- **Aim of the task**:
All of the listing must be given again exactly, except that the images are dropped.

- **Data block**:
'''
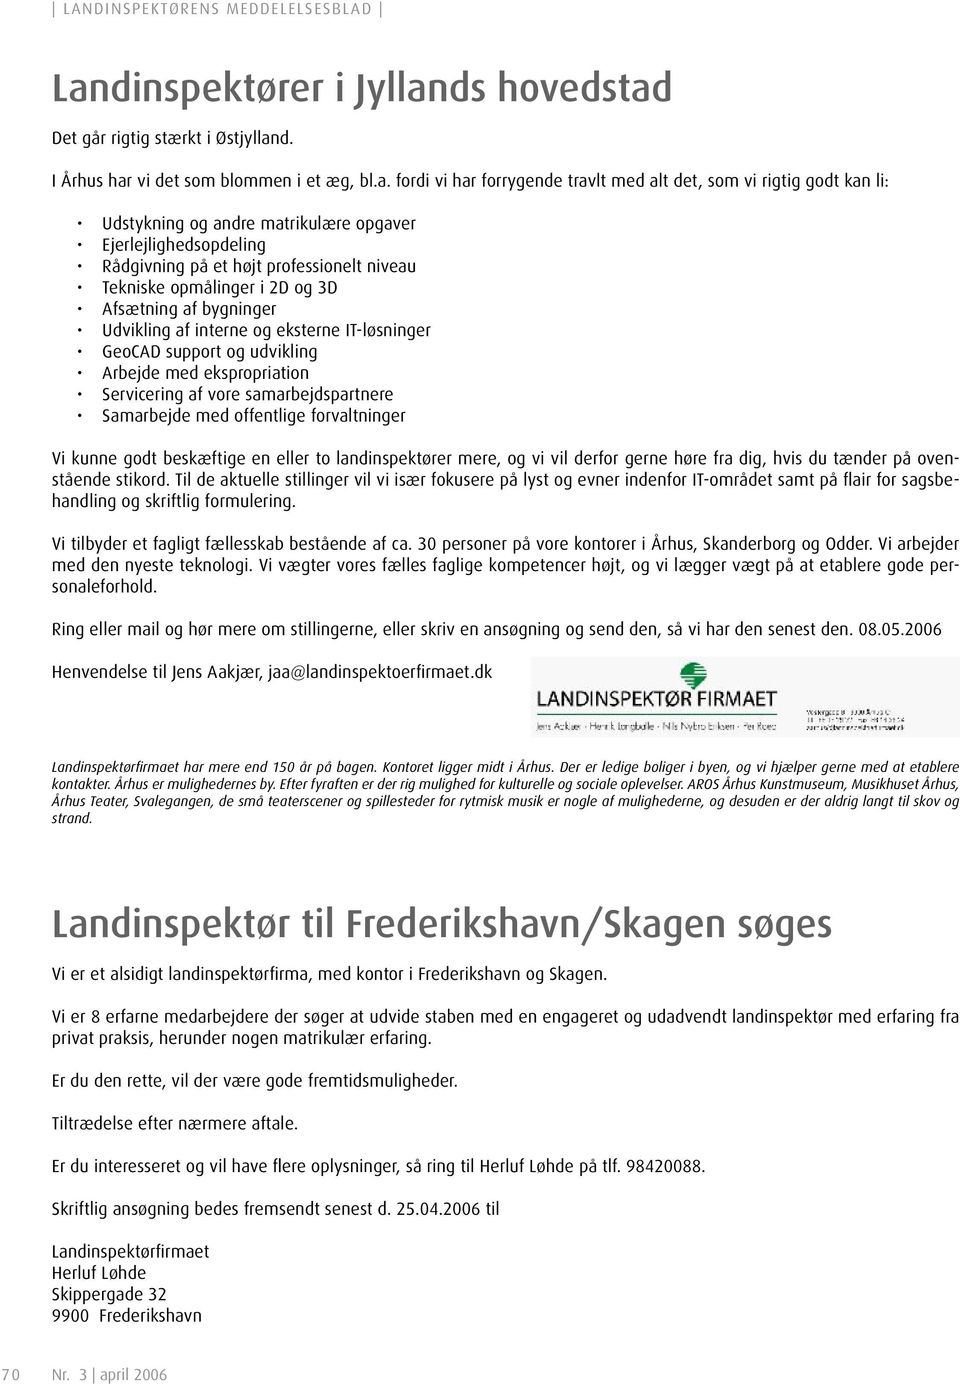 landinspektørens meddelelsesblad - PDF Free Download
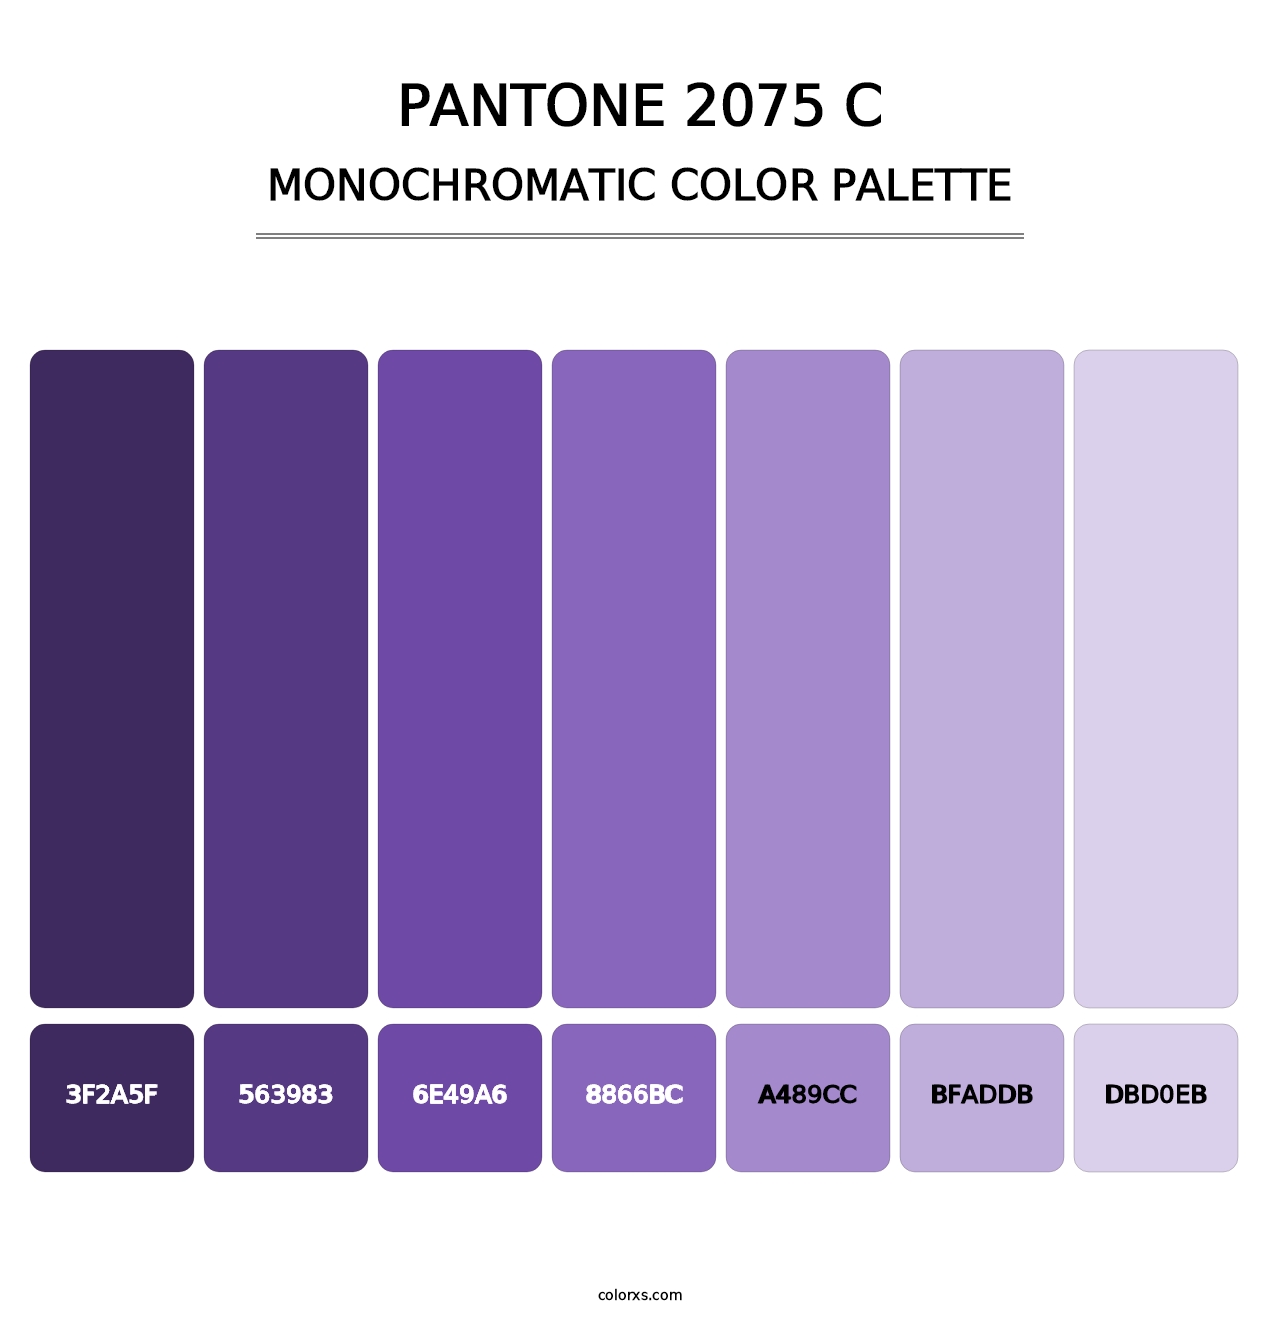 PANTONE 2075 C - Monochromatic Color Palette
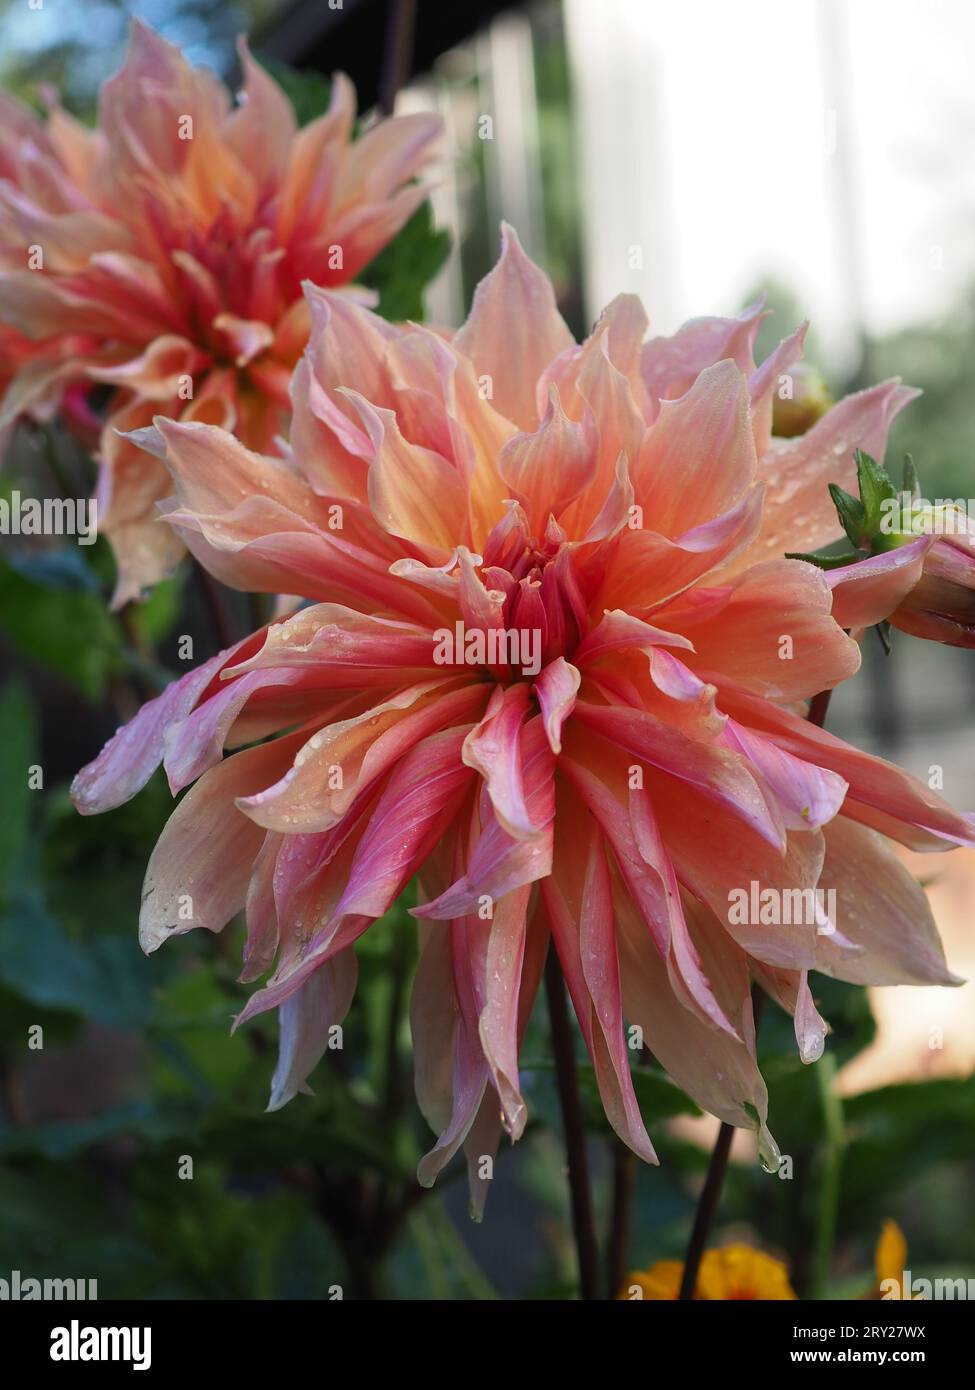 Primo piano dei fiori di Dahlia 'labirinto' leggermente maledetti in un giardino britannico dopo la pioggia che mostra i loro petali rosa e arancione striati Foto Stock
'''
- **Solution for this exercise**:
 landinspektørens meddelelsesblad - PDF Free Download
 PANTONE 2075 C - Monochromatic Color Palette
 Primo piano dei fiori di Dahlia 'labirinto' leggermente maledetti in un giardino britannico dopo la pioggia che mostra i loro petali rosa e arancione striati Foto Stock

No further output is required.